Muslims in Canada to challenge secret ‘terrorist’ trials
By Mark Bourrie
OTTAWA: Muslim groups in Canada are planning a class-action suit against Ottawa to try to gain the release of a Moroccan immigrant held without charges for alleged terrorist links.
Adil Charkaoui is one of several immigrants to Canada held in jail on “security certificates”, which allow judges to deport legally admitted foreign nationals without charge or disclosure of evidence.
Critics say the certificates were rarely used before the Sept. 11, 2002 attacks on New York and Washington but have been increasingly used against Muslims since then.
The small amount of information disclosed by authorities to the Federal Court shows the Canadian Security Intelligence Service (CSIS) interviewed Charkaoui just three days after the 9/11 attacks. He was also interviewed by U.S authorities while visiting New York last year but no charges were laid and the 29- year-old graduate student was released with a warning that he had been placed on a list of suspected terrorists.
Muslim Canadians want to launch the lawsuit, said Salam Elmenyawi, president of the Muslim Council of Montreal, because the security certificates have been — with just one exception — used against Muslims.
“It’s harming our community,” Elmenyawi said in an interview. “The process of applying the law has been very discriminatory.”
Elmenyawi has never met Charkaoui, the suspected terrorist. But the man’s guilt or innocence is not the point, he says.
“It’s about the process. The things Charkaoui is accused of — like travelling to Pakistan — apply to many Muslims. CSIS seems to believe every Muslim is a sleeper and you just have to push a button and they become a terrorist.”
He says a lawsuit would be a costly affair, “but we’re getting very serious. We’re sick of this treatment. The issue for us is fundamental justice and to make sure our politicians will not abuse the Canadian laws,” Elmenyawi added.
“We want the charges, the secret evidence and the foreign evidence to be brought forward and be open to everybody. The lack of proper checks and balances in the process of compiling foreign and secret evidence is very dangerous.”
Solicitor-General Wayne Easter, whose department operates CSIS, would not discuss the Charkaoui matter or two other similar cases in Ottawa and Toronto saying they are before the courts.
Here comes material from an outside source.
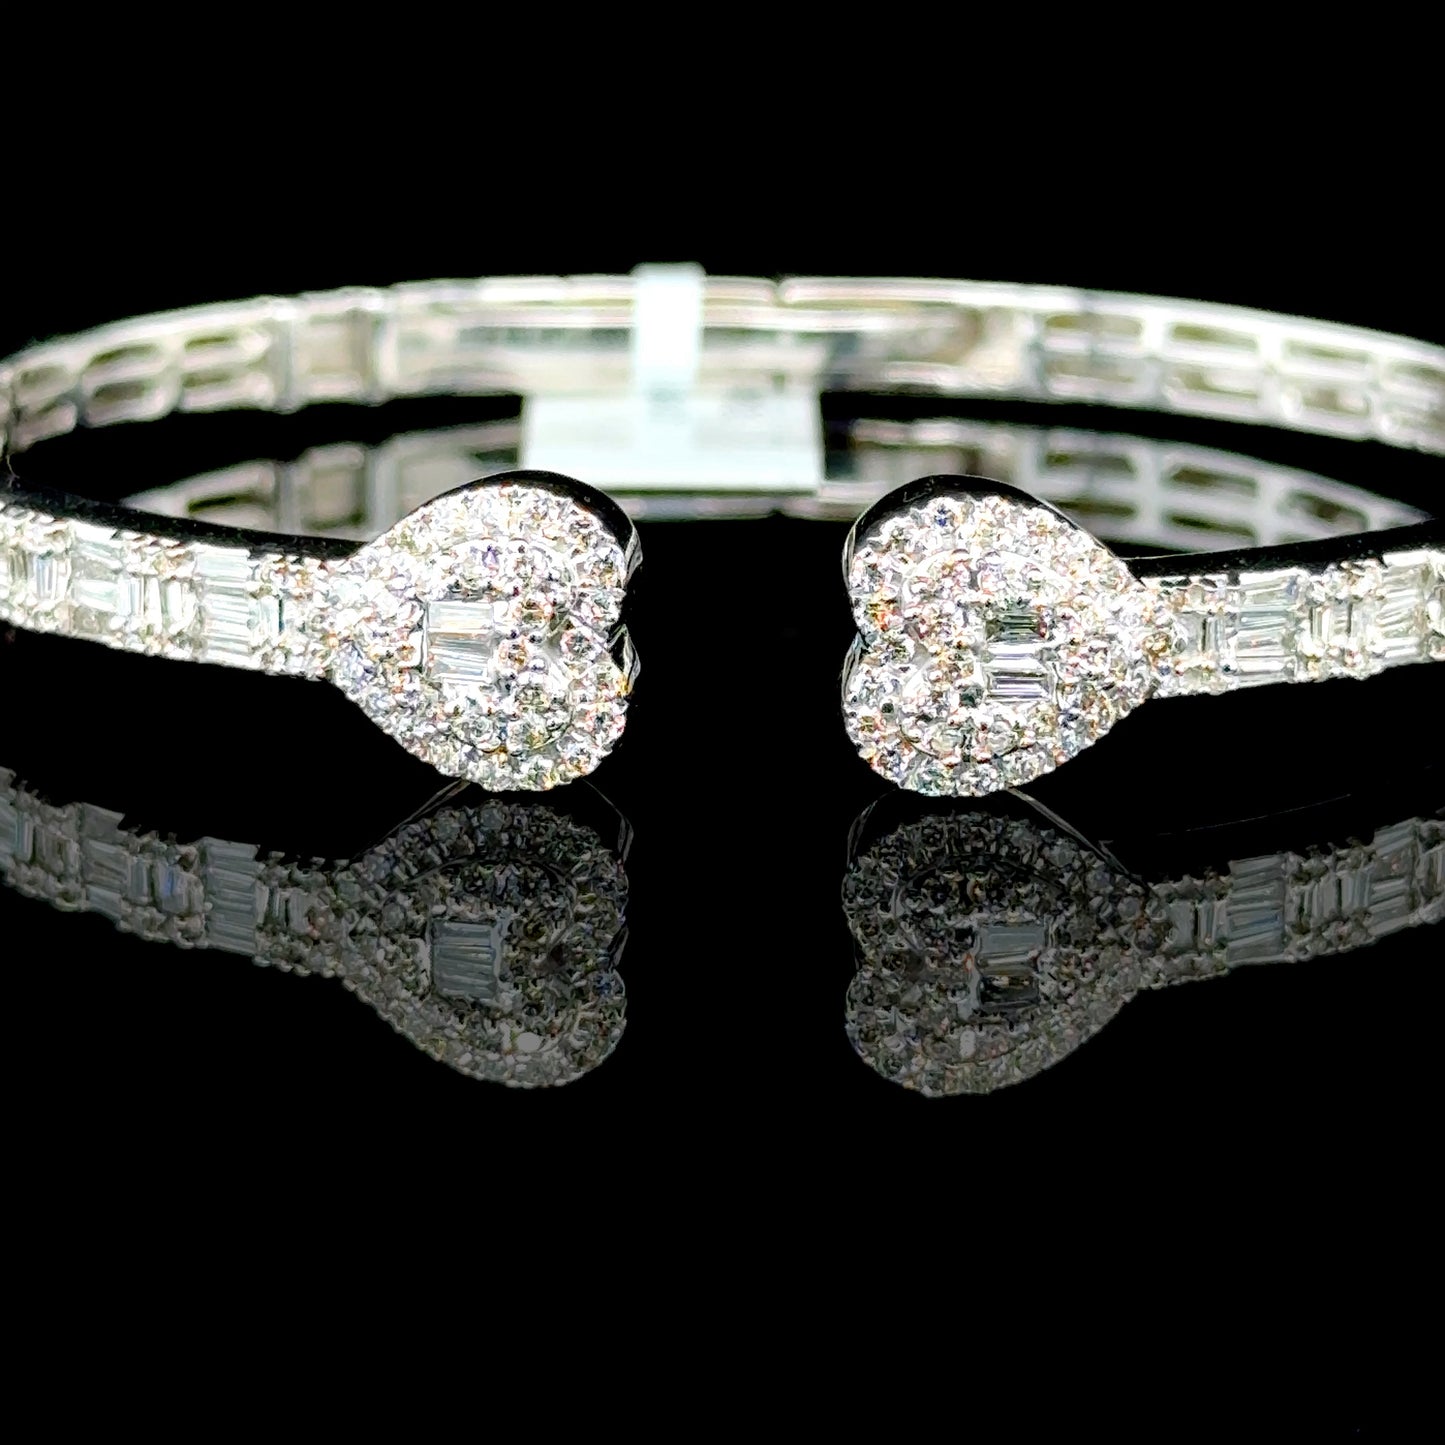 Heart-shaped bangle with 1.83 carats of diamonds set in white gold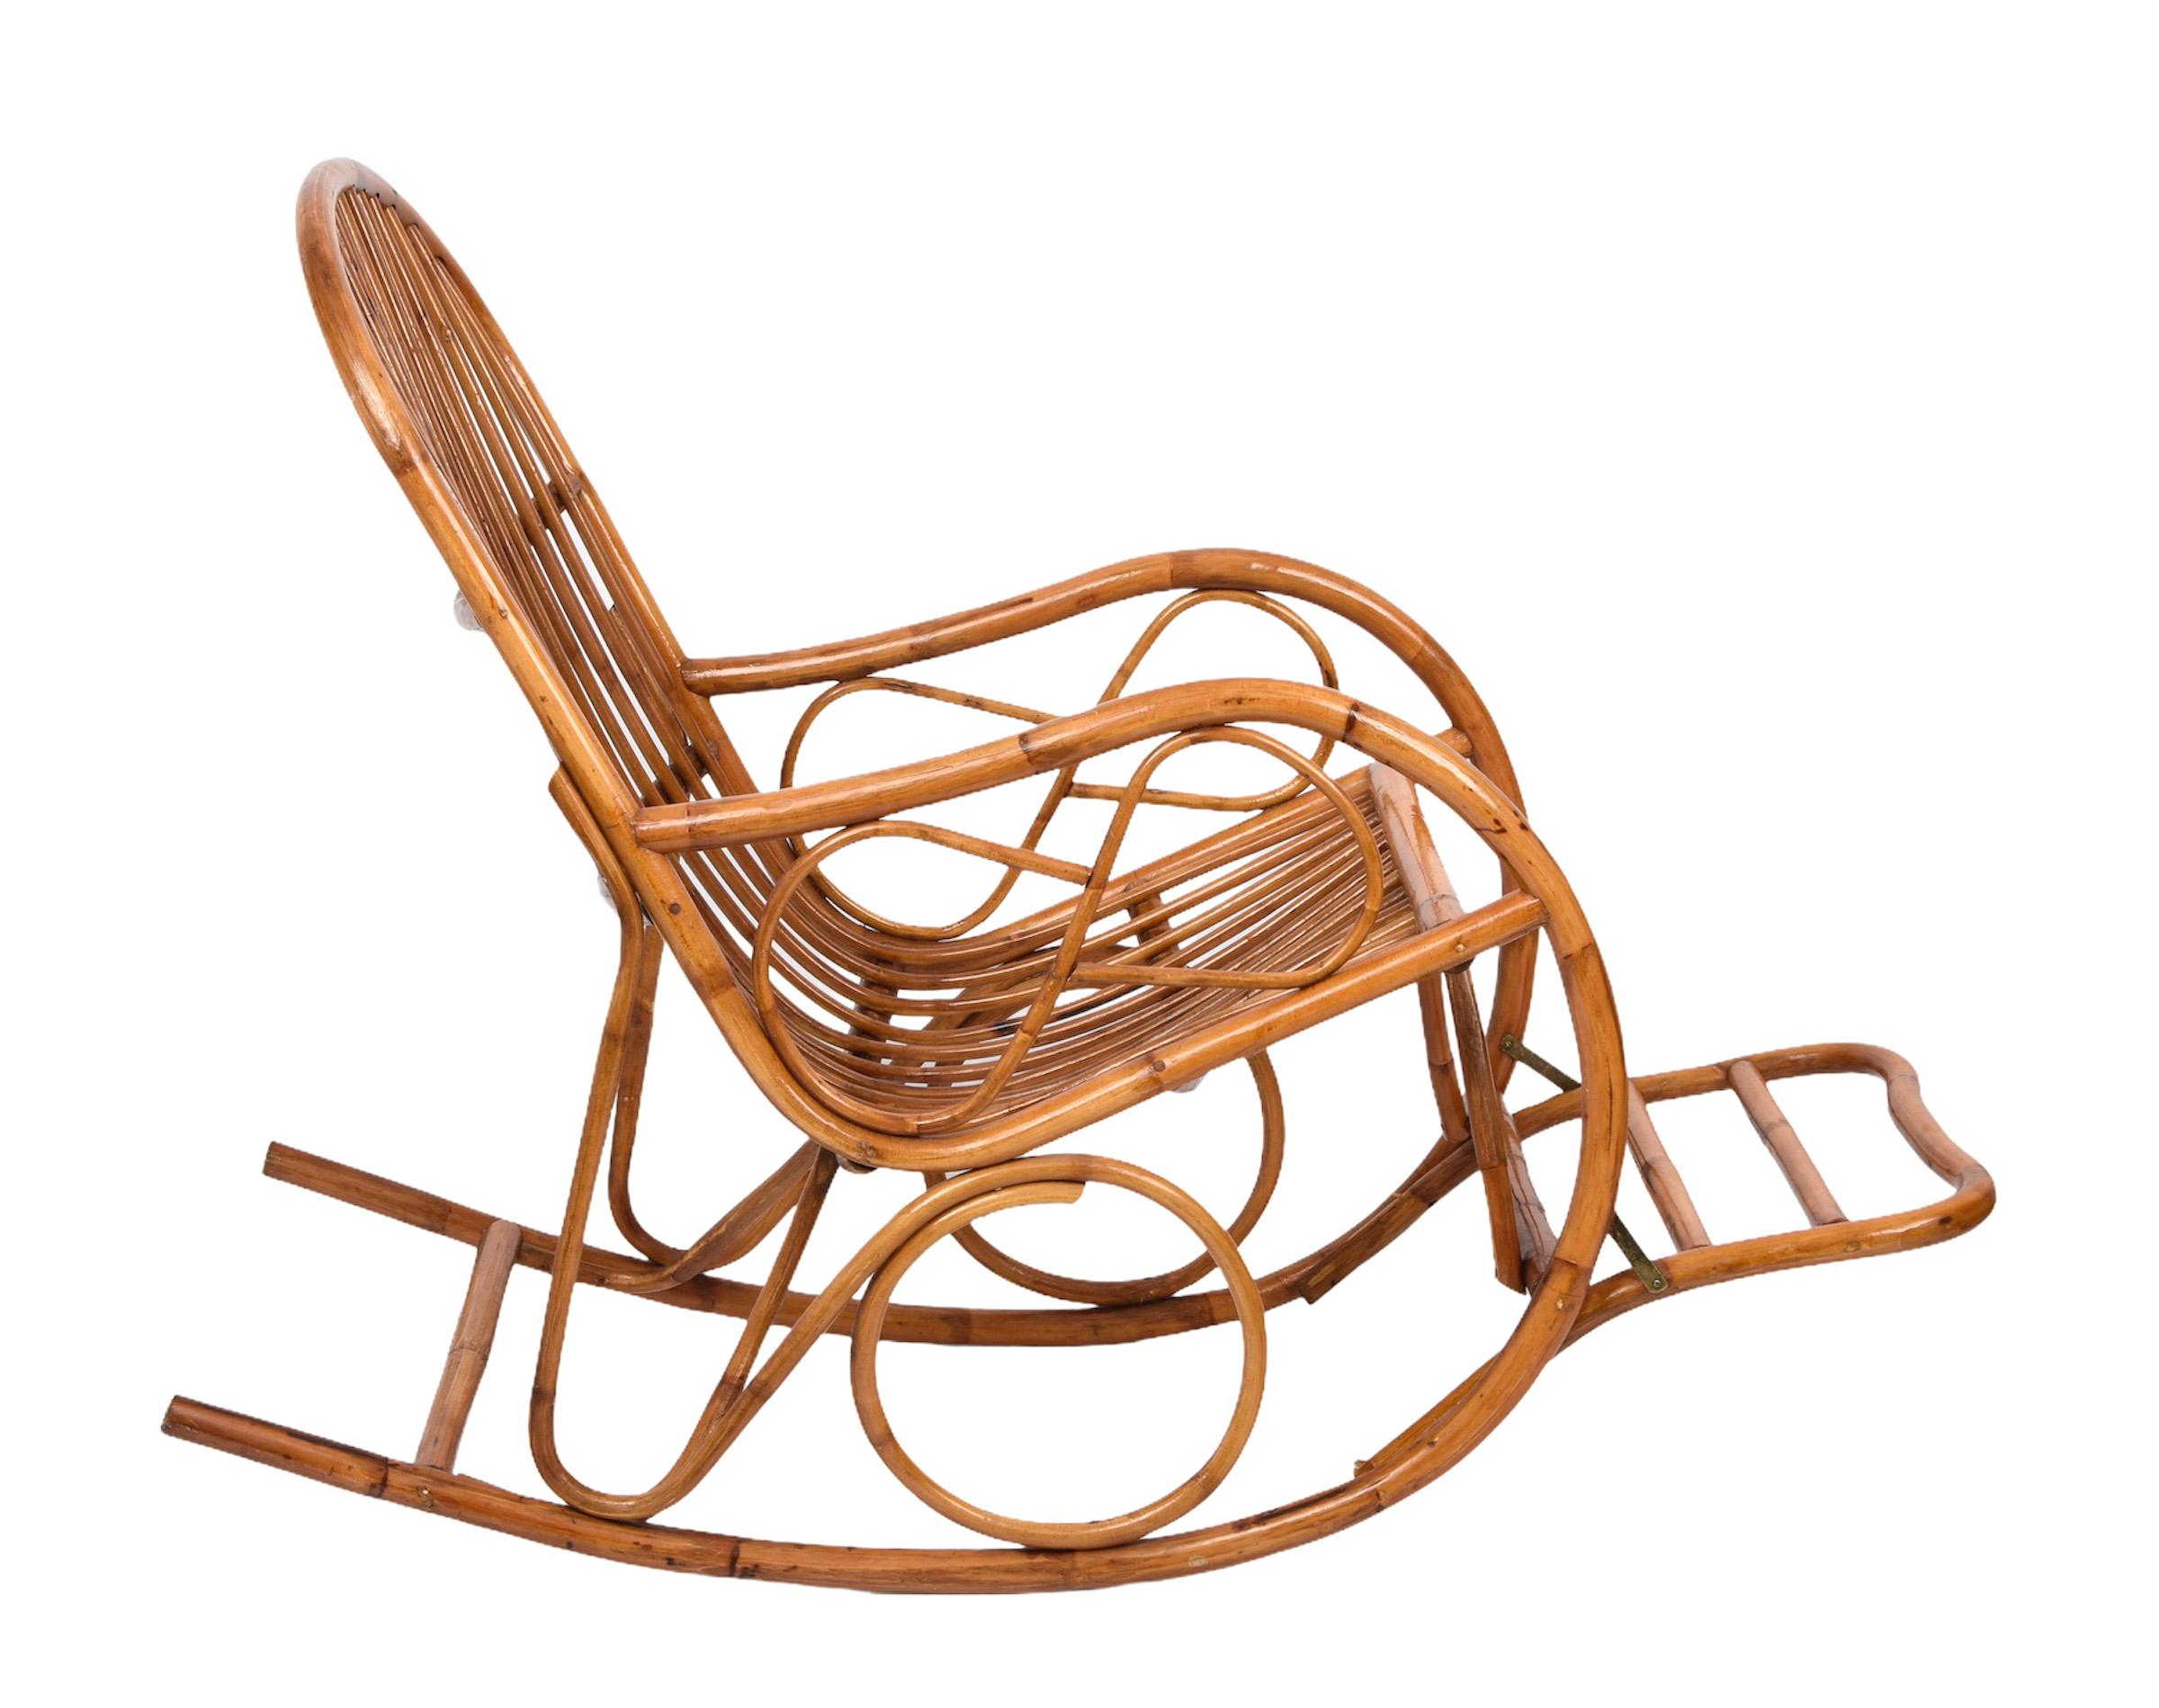 Elegant midcentury French Riviera rocking chair with rattan and bamboo footstool. This fantastic piece was designed and manufactured in Italy in the 1970s.

This chair is unique because it has perfect proportions and is very comfortable with a

Charkaoui and his lawyers are not allowed to see the evidence against him or know its source “for reasons of national security”. Only the Federal Court judge who will be hearing the case is allowed to see the entire dossier.
The summary of the documents show they allege Charkaoui, who was living in Montreal, is or was a member of Al Qaeda, is “a danger to the security of Canada” and could “engage in terrorism”.
The summary includes a heavily edited mention of a plot by a Montrealer of Sudanese origin to blow up an Air France jet. It does not name the Sudanese suspect nor does it say what if anything Charkaoui had to do with the conspiracy.
Other CSIS documents often mention Abousofian Abdelrazik, a Montrealer from Sudan whom CSIS describes as a high-ranking jihadist close to Abou Zubeida, lieutenant for Osama bin Laden, and responsible for recruiting and running the network of terrorist training camps in Afghanistan.
Charkaoui admits meeting Abdelrazik in Montreal on several occasions in the summer of 2001.
The man’s next hearing in Federal Court is scheduled for Jul. 2. If his lawyer fails to convince the judge to grant bail, Charkaoui will likely be deported to Morocco.
At a conference last week in Montreal, his sister, Hind, denounced Charkaoui’s treatment. They came to Canada together in 1995, and Adil Charkaoui spent the last eight years in Canada teaching, studying, and working at a series of jobs, his sister said.
“We thought we’d arrived in a country of justice, a country of the law,” Hind Charkaoui told the Montreal Gazette newspaper. Detention without trial goes against basic human rights, she added. “This is a regression to mediaeval practices that are arbitrary. What happened to my brother could happen to any of you.”
The rarely used security certificate process has been part of the Immigration and Refugee Protection Act since the early 1990s. Recently, it has been used mainly against Muslims, like Charkaoui, suspected of being terrorists.
CSIS claims Charkaoui joined Al Qaeda while travelling in Pakistan and was in regular contact with suspected terrorists. It alleges he is a “sleeper” agent who has not committed any crimes but was ready to act when ordered to do so.
The court documents list several suspected or convicted Al Qaeda terrorists Charkaoui is alleged to have known, including Ahmed Ressam, who was convicted of planning to bomb the Los Angeles airport during millennium celebrations.
CSIS claims that in 1998 Charkaoui spent five months in Pakistan, at the same time as Ressam and Zacharias Moussaoui, the alleged backup 20th hijacker in the Sept. 11 attacks. They supposedly trained at the Khaldun Al Qaeda camp in Afghanistan on the Pakistan border.—Dawn/InterPress News Service.